How to complete this task:
Only the pictures are dropped. Restate each line below word for word.

Material provided:
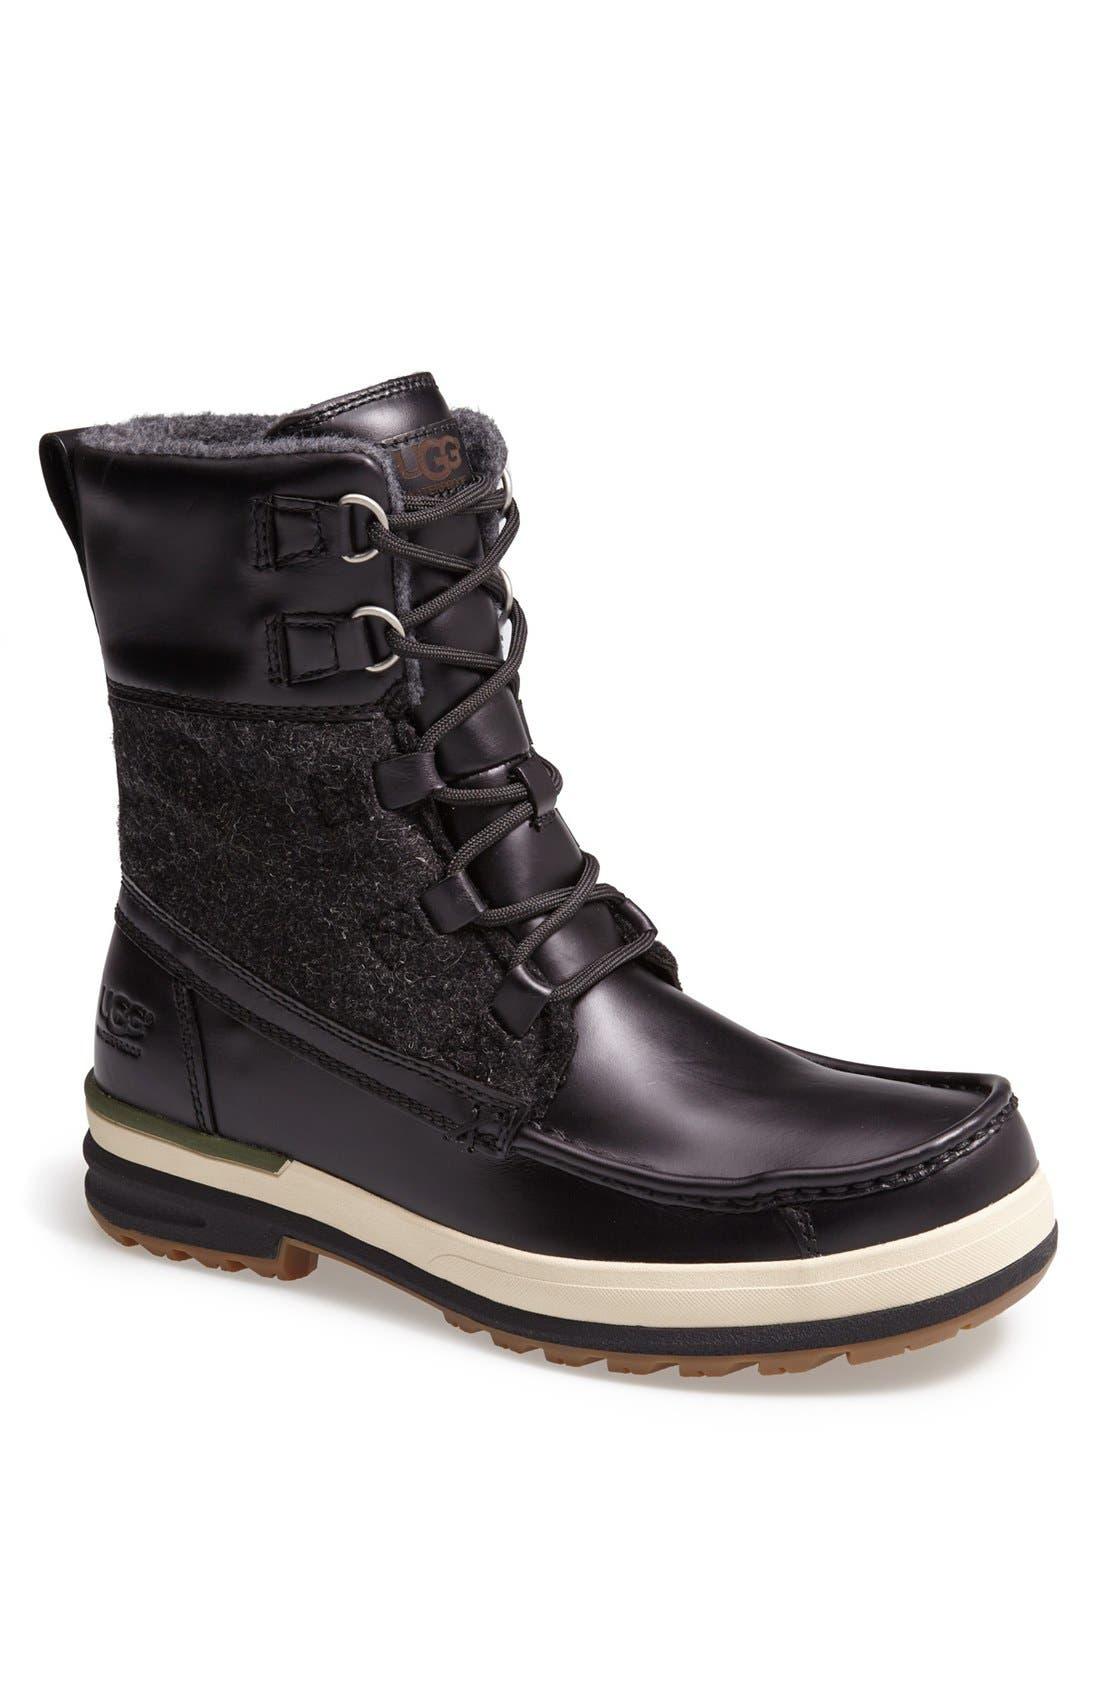 Main Image - UGG® Australia 'Ory' Snow Boot
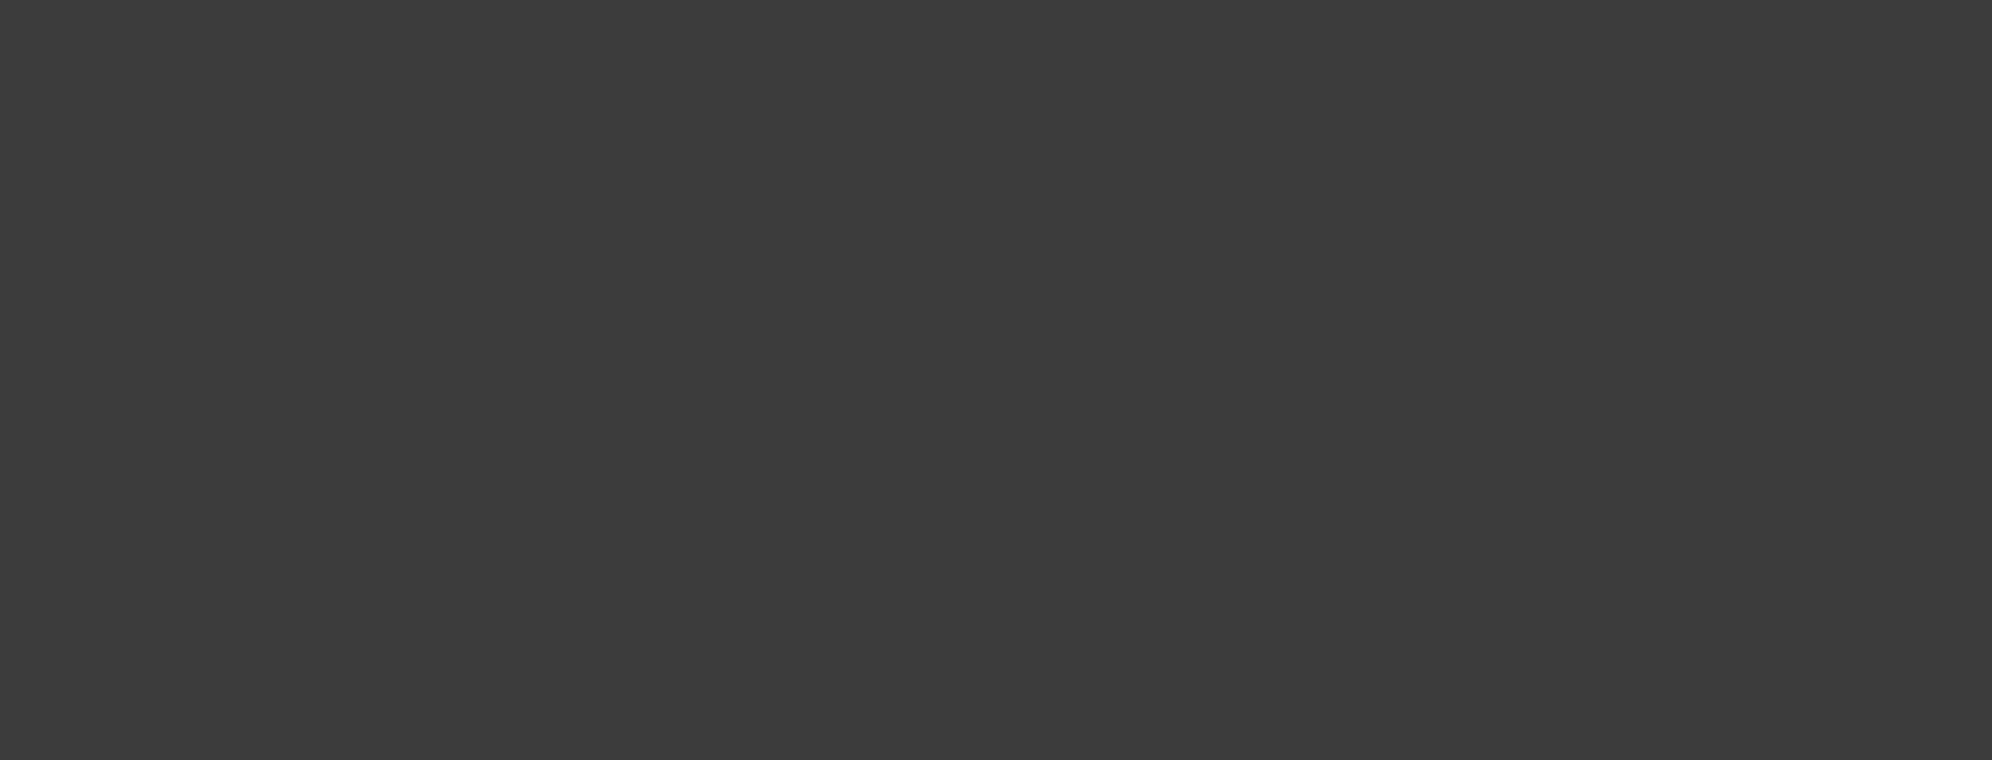 Collabora   Open Source Consulting   GStreamer
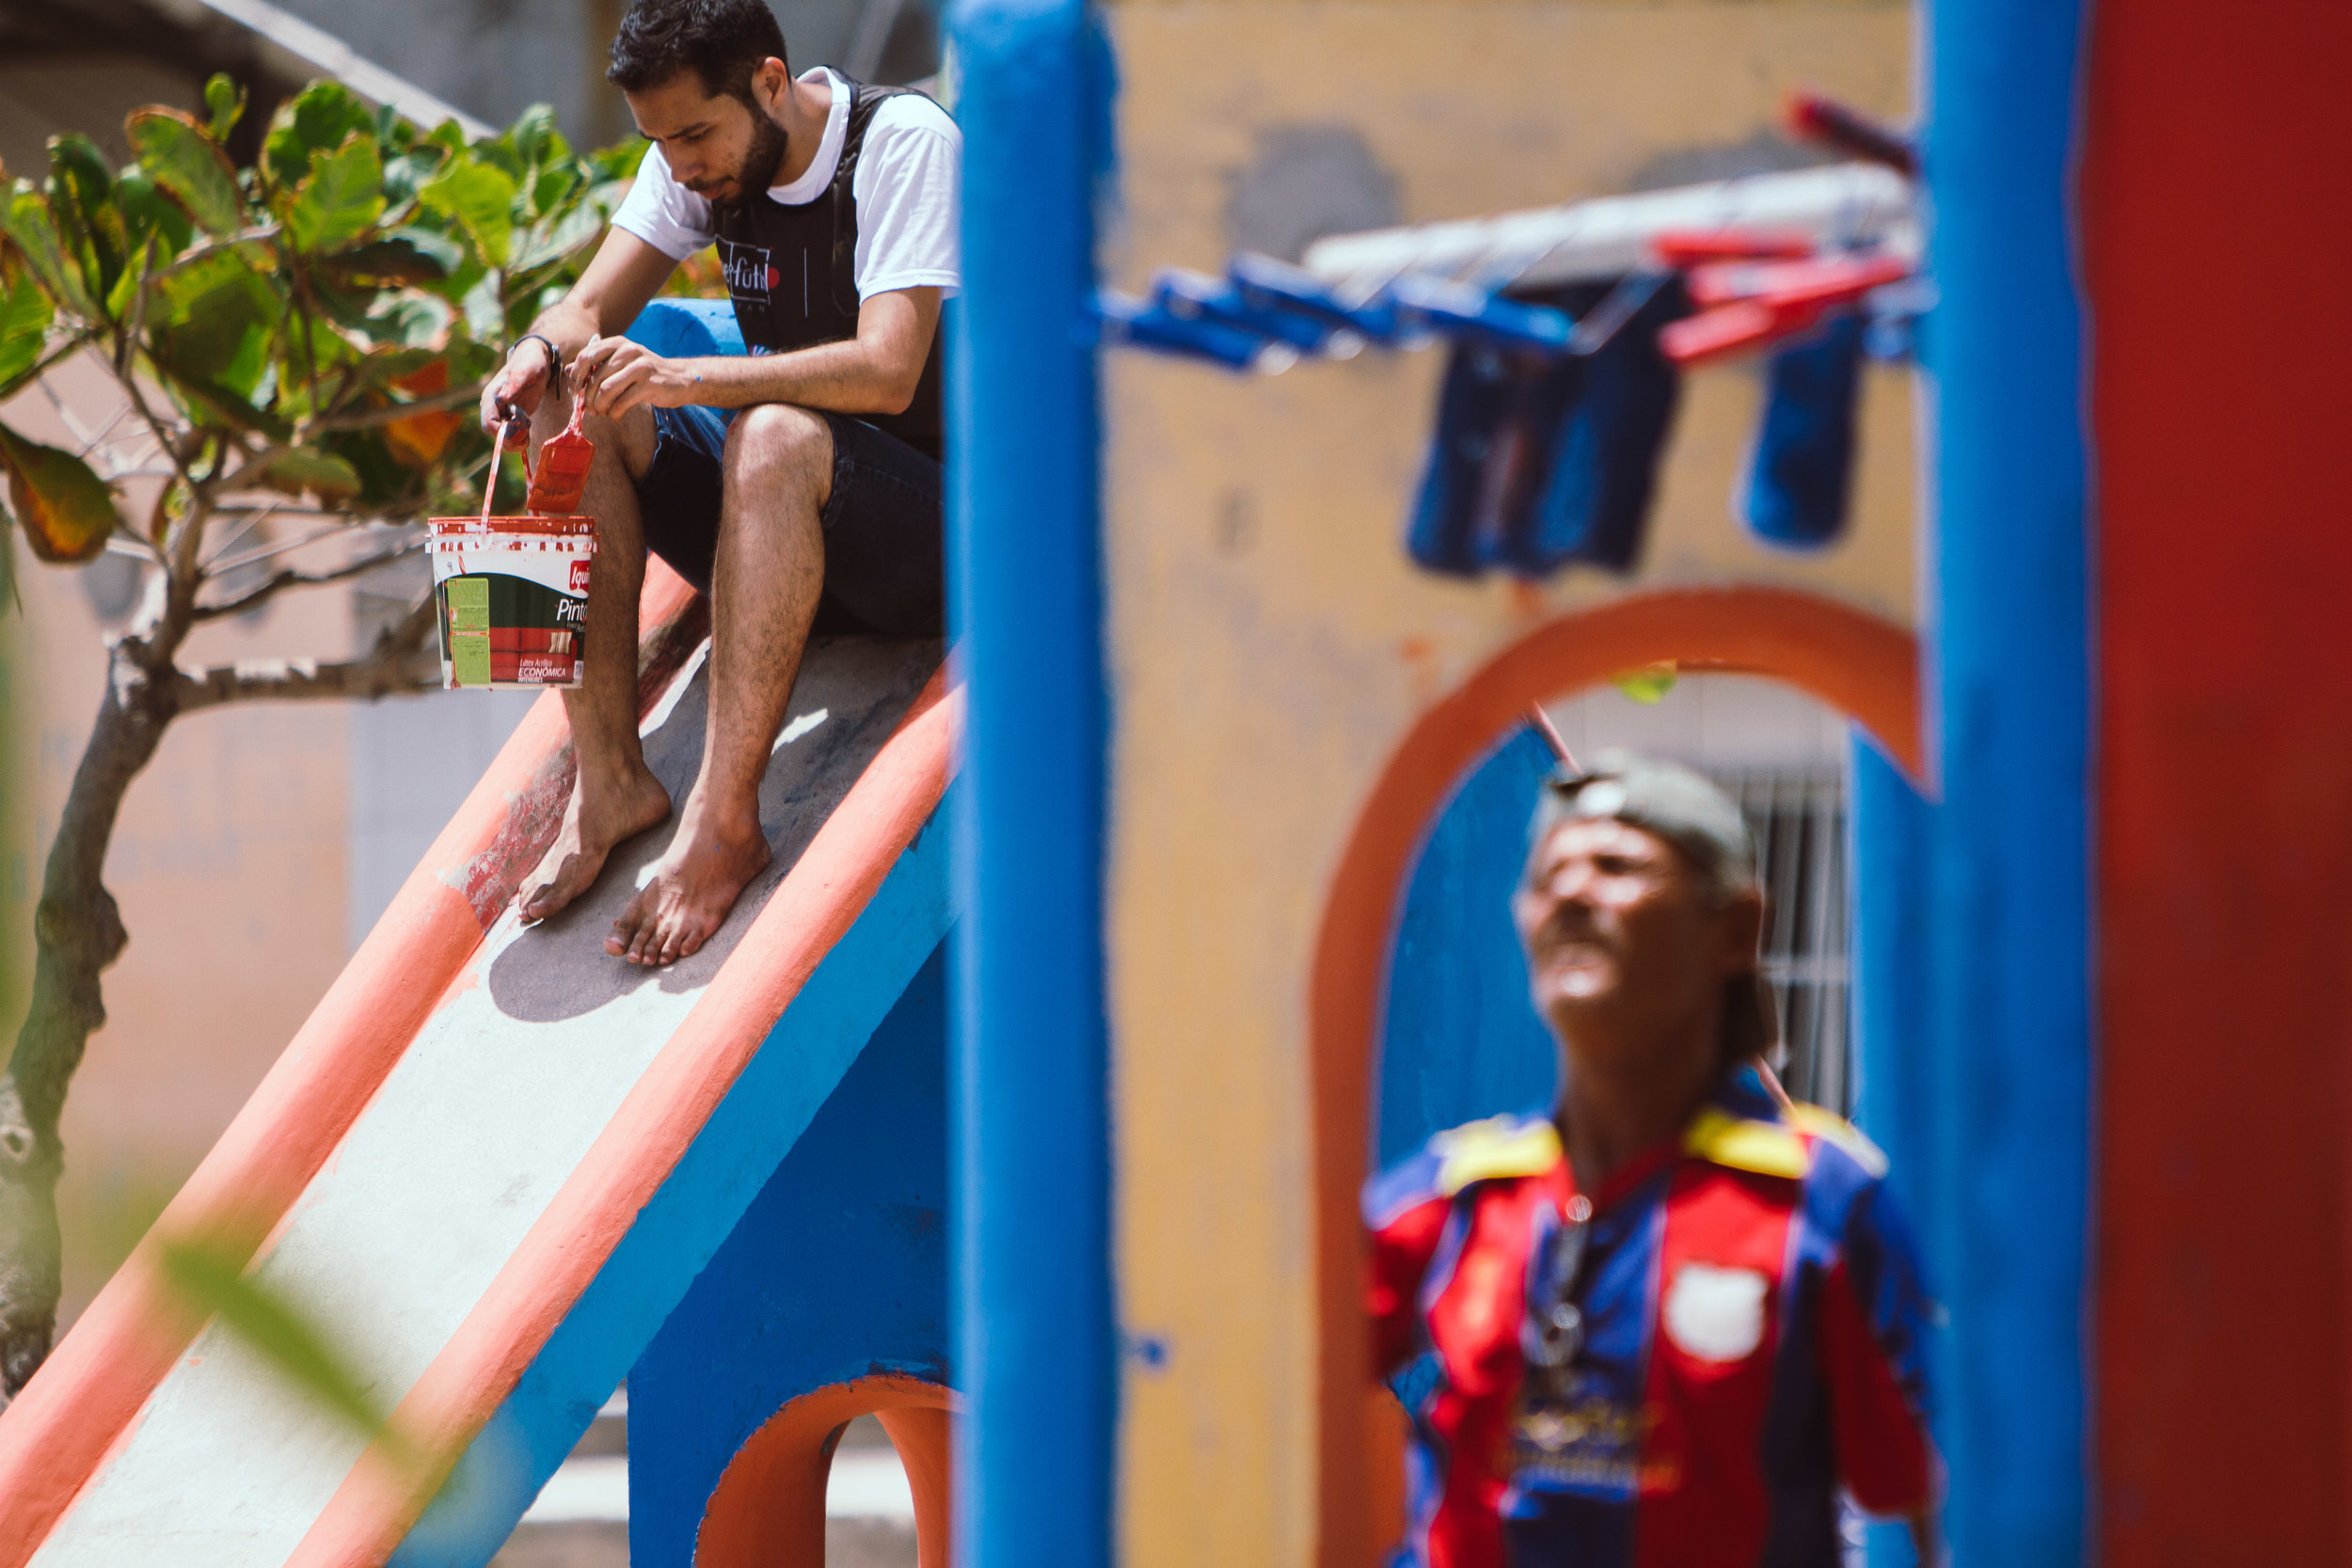 Copy of MUTIRAO BRASILIA TEIMOSA_PB TEIMOSA_PRISCILLABUHR-141.jpg

Expected answer:
 Main Image - UGG® Australia 'Ory' Snow Boot
 Collabora   Open Source Consulting   GStreamer
 Copy of MUTIRAO BRASILIA TEIMOSA_PB TEIMOSA_PRISCILLABUHR-141.jpg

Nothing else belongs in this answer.